Geographic Information Systems Asked by user44796 on May 5, 2021
I have a time series of binomial data and I want to know the number of time steps since the last event (1). I am just not sure how to do this in R.
Here is an example data set. For each cell in the raster, I want to know the number of timesteps since a 1 was recorded.

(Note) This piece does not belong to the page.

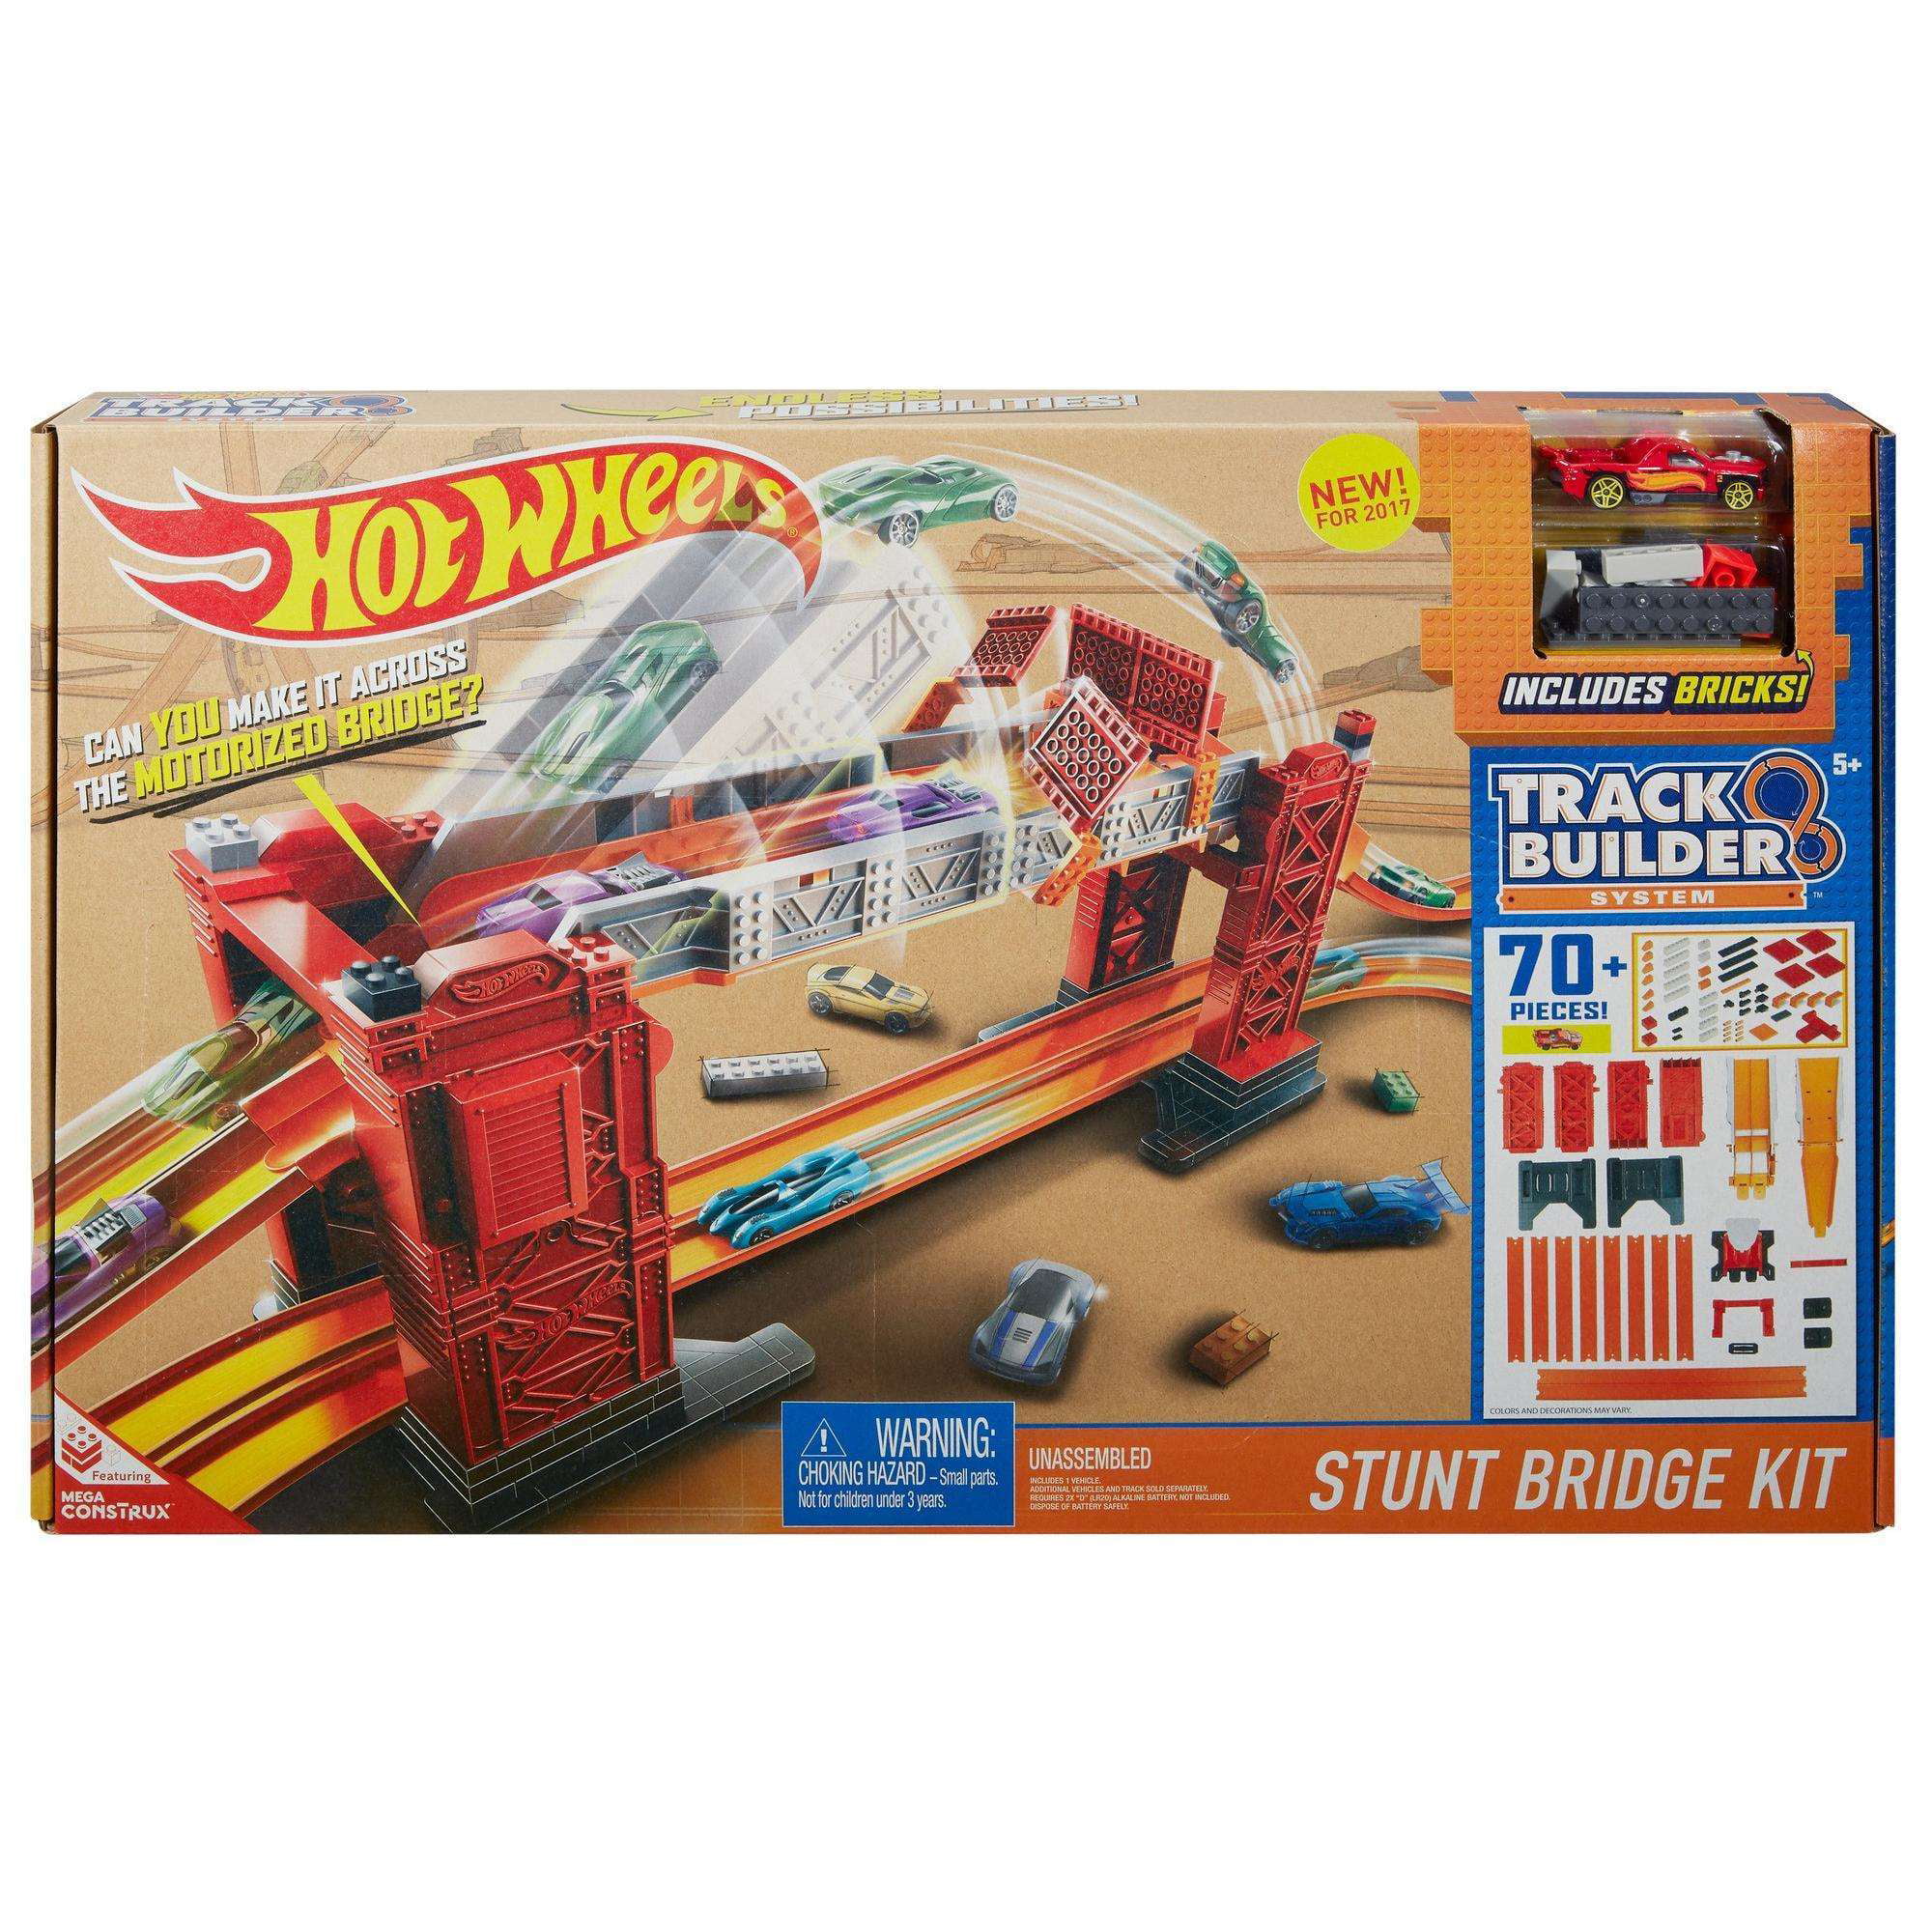 Hot Wheels Track Builder System Troll Bridge Challenge Playset fjj95  NEW

r <- raster(nrow=100, ncol=100)
r[] = rbinom(10000,1,.1)
for (i in 1:9){
tmp = raster(nrow=100, ncol=100)
tmp[] = rbinom(10000,1,.1)
r = stack(r,tmp)
}
r = brick(r)
So for each cell of the raster brick, you would have a series (e.g. c(0,0,0,0,1,0,0,0,1,0)). In this case the time to the event would by 4. I just can’t figure out how to do this in a function that can be applied to the raster brick.
Here is an alternative using rle.
Write function to calculate run length to specified value. If the specified run value (y) is the first value it returns a 0 and if it is missing then a NA is returned.

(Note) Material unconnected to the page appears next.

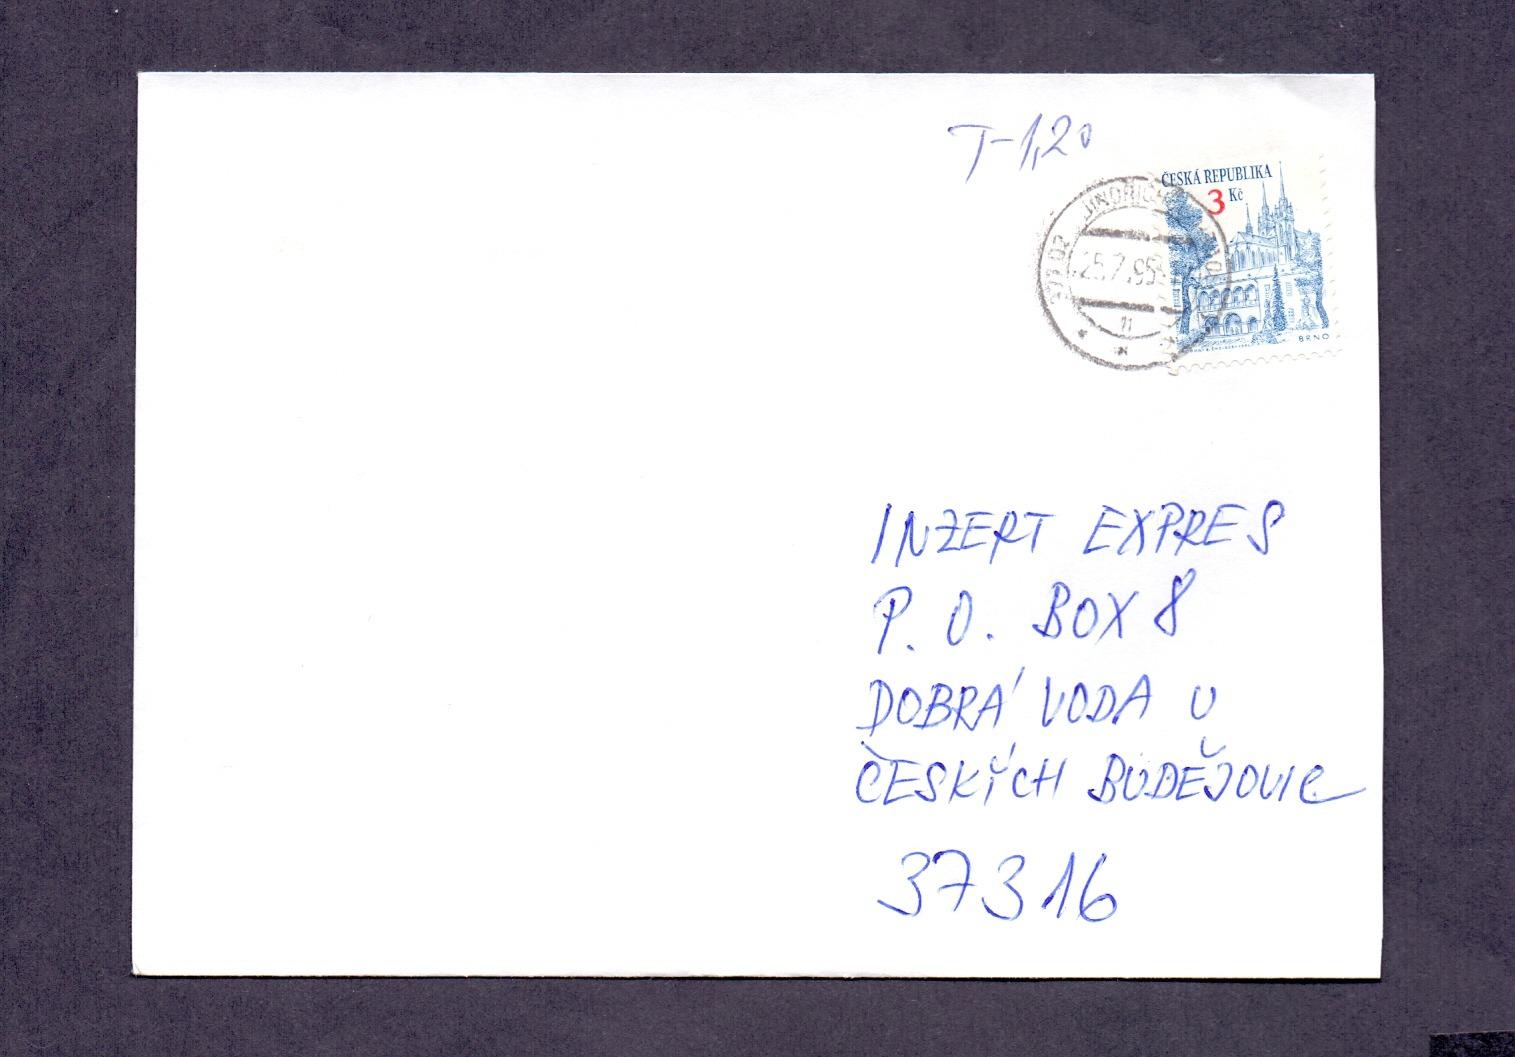 SR, J.Hradec, 25.7.1995, T-1,20 - Filatelia

time.to.event <- function(x, y=1, dir=c("LR", "RL")) {
if(dir[1] == "RL") x <- rev(x)
x.idx <- rle(x)$values
e.idx <- rle(x)$lengths
if(x[1] == y) {
e <- 0
} else {
e <- e.idx[which(x.idx == y)-1][1]
}
return( e )
}
Test the function on your example, left-to-right (LR is default) and right-to-left (dir="RL").
time.to.event(c(0,0,0,0,1,0,0,0,1,0))
time.to.event(c(0,0,0,0,1,0,0,0,1,0),dir="RL")
Now, apply it to a raster stack example
library(raster)
r <- do.call(raster::stack, replicate(20,raster::raster(matrix(sample(
c(0,1), 1000, replace=TRUE), 100, 100))))
( t2e <- calc(r, fun=time.to.event) )
Correct answer by Jeffrey Evans on May 5, 2021
You can use calc with a function that finds the first one. The only complication is coping with not having any ones in the stack at any point, which I workaround here by testing and returning -1.
> fone= calc(r, fun=function(x){W=which(x==1); if(length(W)==0){return(-1)};return(min(W))})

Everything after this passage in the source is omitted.